Black defendants are also more likely than white defendants to be held in jail before trial, increasing the likelihood they will take a plea deal, according to the report.
Plea bargains also make it difficult to uncover that racial bias and other police and prosecutorial bias or misconduct, the report added, because such misconduct is usually unearthed through pretrial litigation or at trial.
"The reality that so few pretrial matters are litigated leads prosecutors to be less critical of their witnesses and less willing to scrutinize the strength of their cases, knowing that they won't be held accountable at trial," the report says. "Defense lawyers, similarly, are less likely to properly investigate cases, knowing their clients will almost certainly take a plea."
The report offers several recommendations for making the use of plea bargains fairer and more transparent, such as abolishing the use of mandatory minimum sentences and placing strict limits on sentencing differentials, so that any imbalance between a sentence offered prior to trial and a sentence received after trial is "reasonable and non-coercive."
Charging decisions, bail and pretrial detention also shouldn't be used to pressure defendants into pleading guilty, according to the report.
"Charges should never be selected, amended, or enhanced solely or even partially for the purpose of enhancing leverage in plea bargaining, or for creating significant sentencing differentials between plea and trial outcomes," the report says.
The report adds that defendants who plead guilty should still have access to the mechanisms of post-conviction review, and defendants should be made aware of all the collateral consequences that may stem from pleading guilty to a crime, such as being barred from working at certain jobs, serving on a jury and voting.

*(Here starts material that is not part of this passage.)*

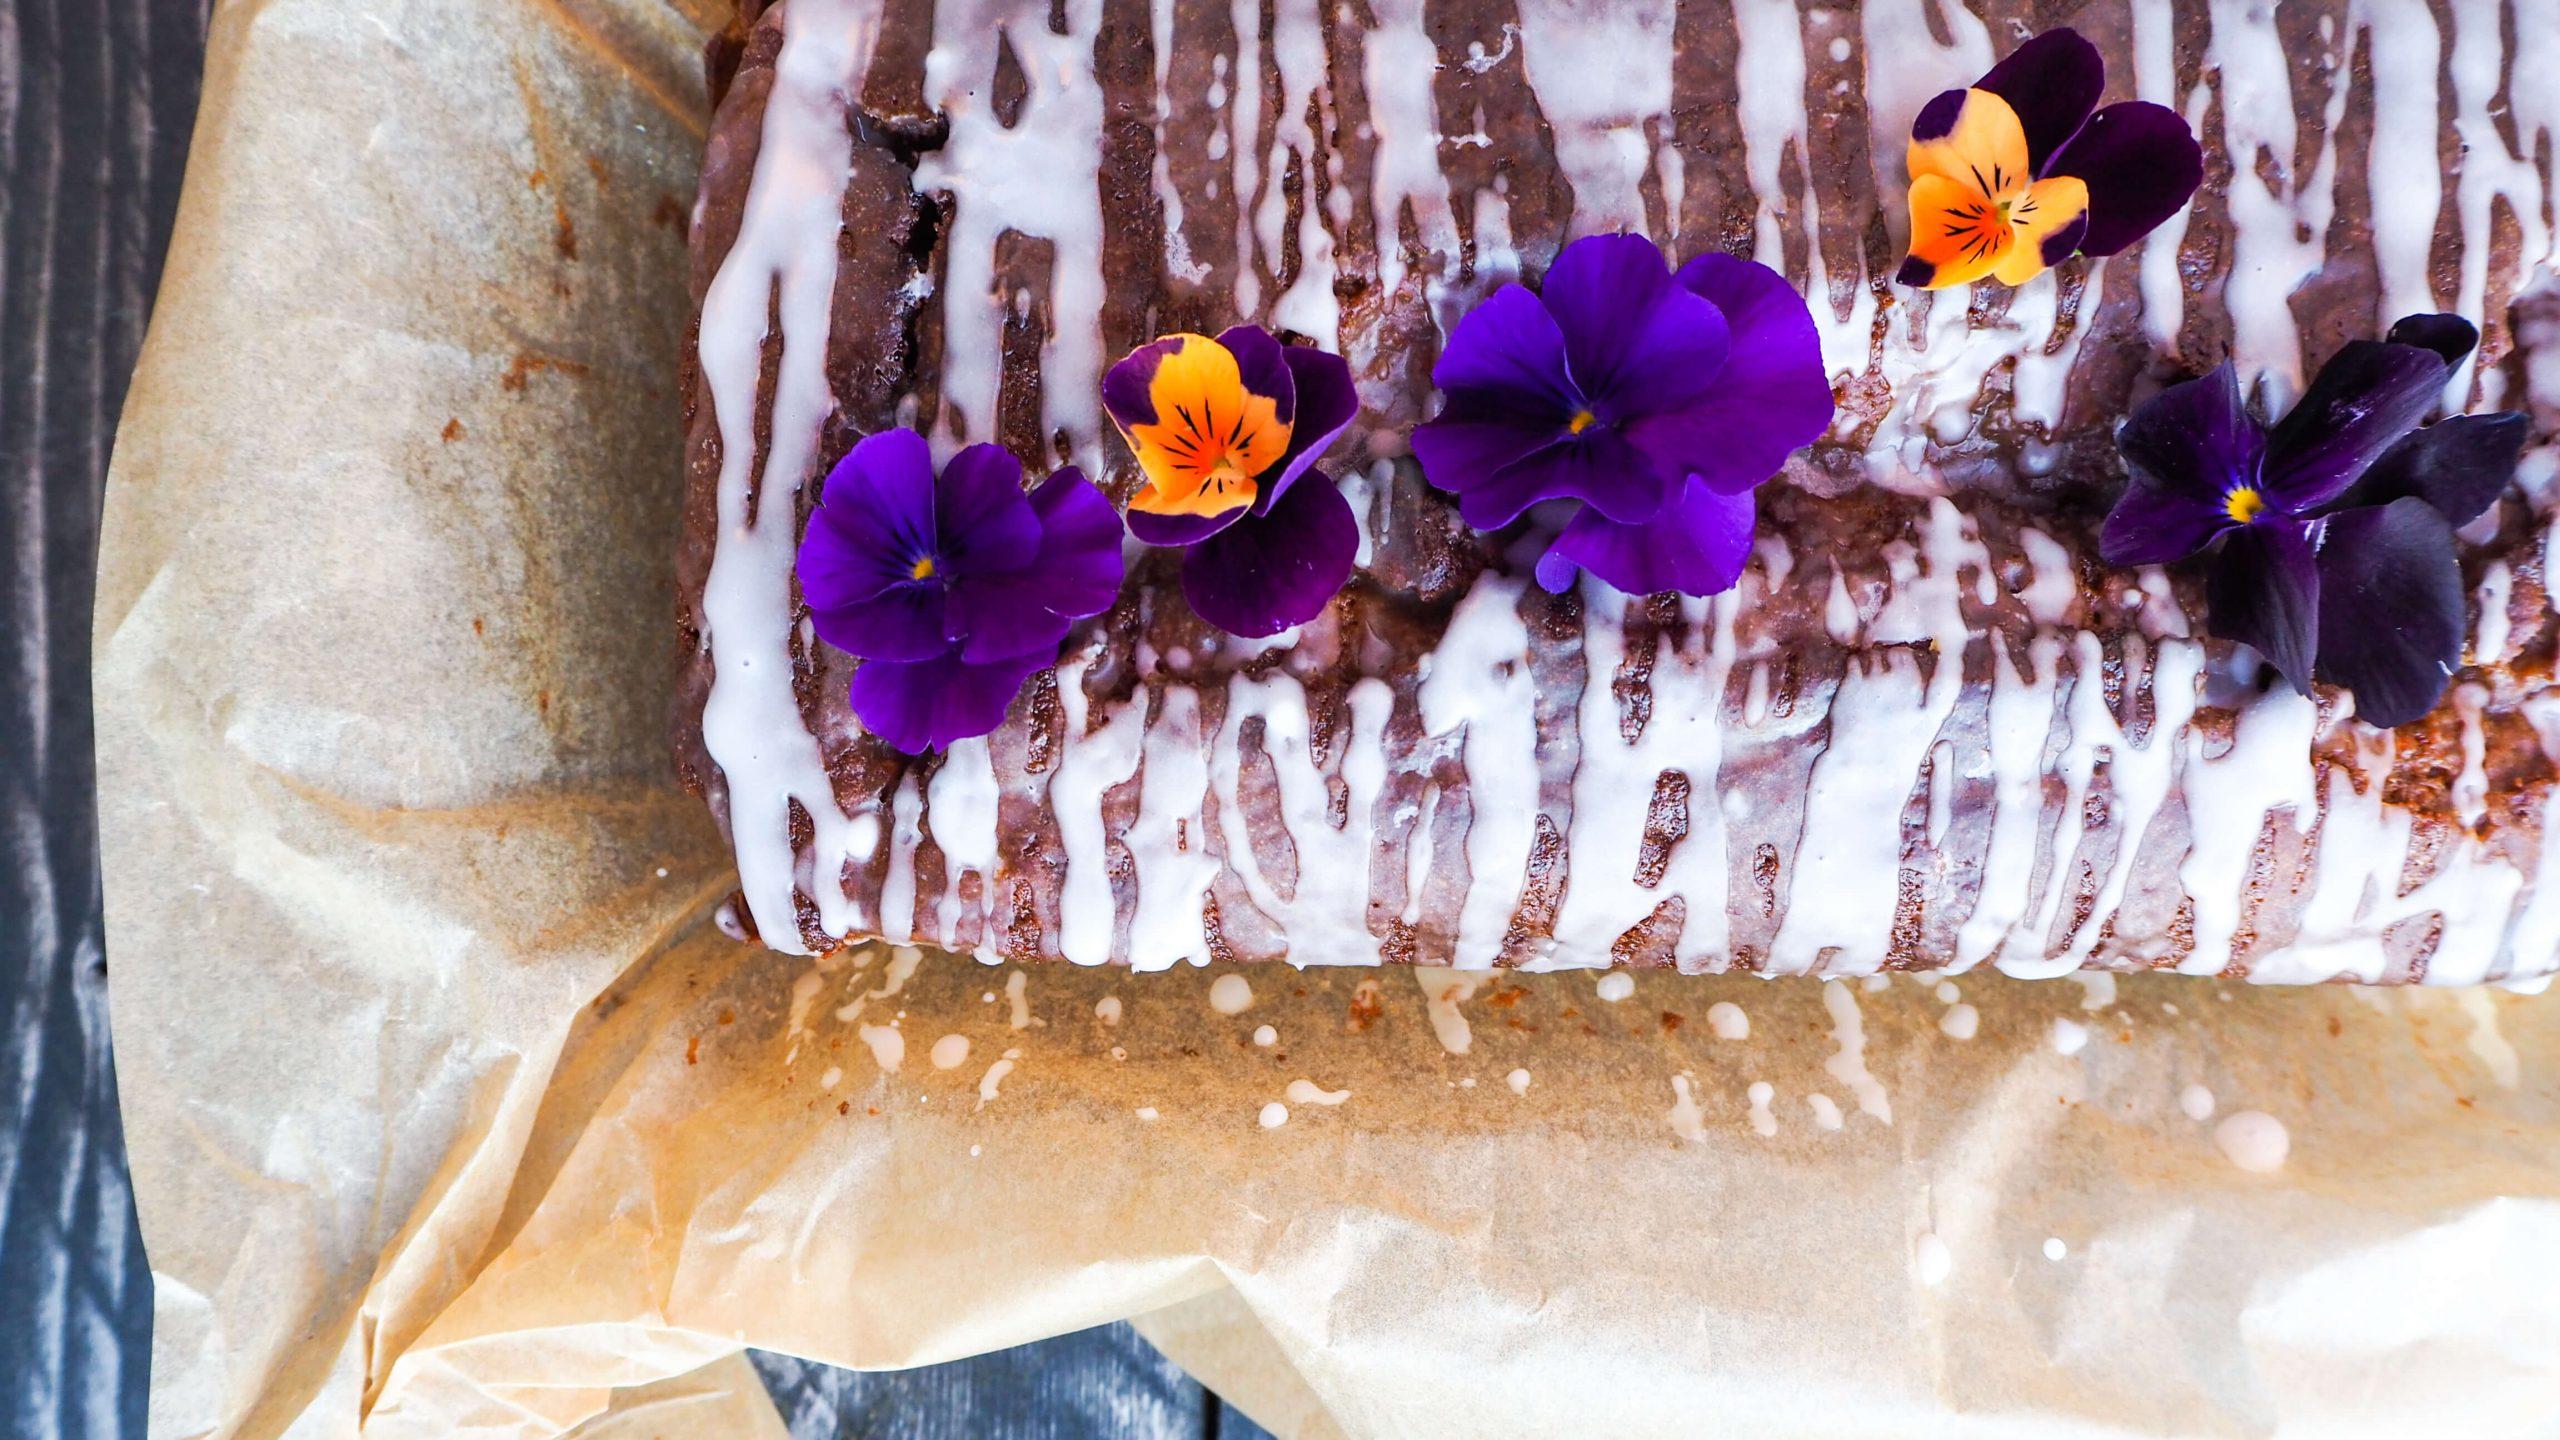 Belly Bakes Week 23: Grapefruit & orange loaf cake recipe

Finally, courts, prosecutors and public defenders should all be collecting data about the plea bargaining process, with a particular focus on racial and other biases in the system, according to the report.
"A common critique of the modern plea bargain system is how little we know about it," the report says, adding, "Sometimes the system is not even transparent to the very defendants whose fate is being negotiated."

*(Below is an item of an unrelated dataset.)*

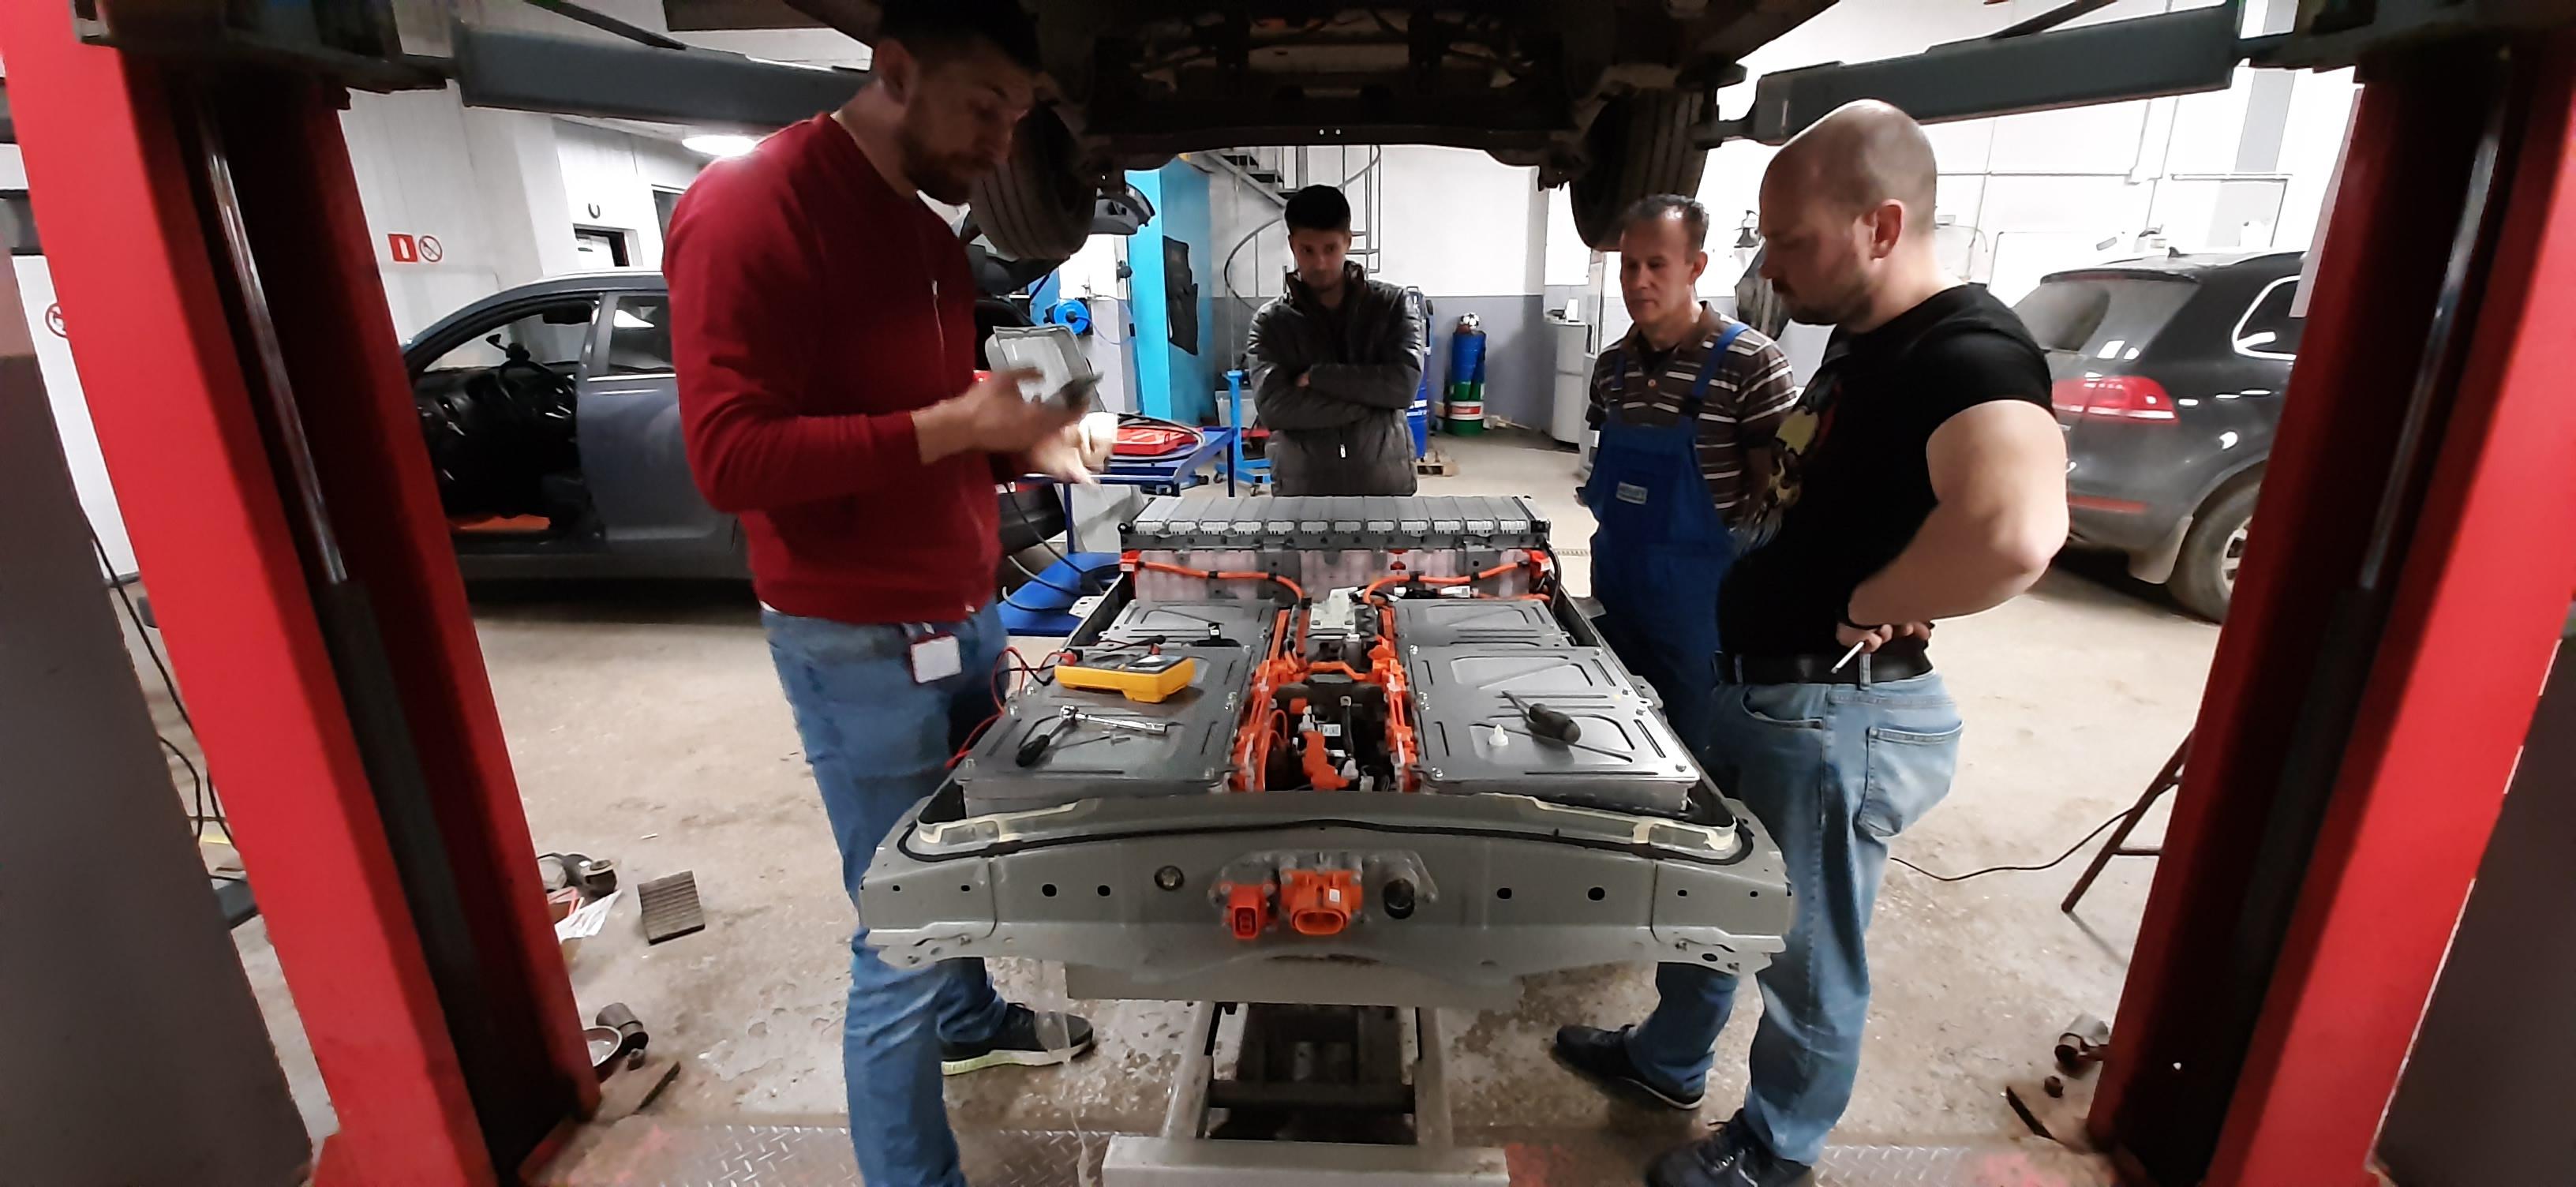 Установка доп.батареи 11.8Kw в багажник Nissan Leaf в Липецке!

Many of these recommendations would require more resources to be allocated to the criminal system, the report's authors acknowledge, but they would also result in a fairer and more legitimate criminal justice system.
That fairer system wouldn't "just have a significant impact on the defendant who falsely pleads guilty and their family and their community," Dervan said. "It also has a significant impact on the victim, whose interests go unvindicated when the wrong person is in prison, and potentially in some cases that we've identified where the actual offender goes on to commit further offenses in part because authorities stop looking for that person because they've got someone who falsely pled guilty in their place."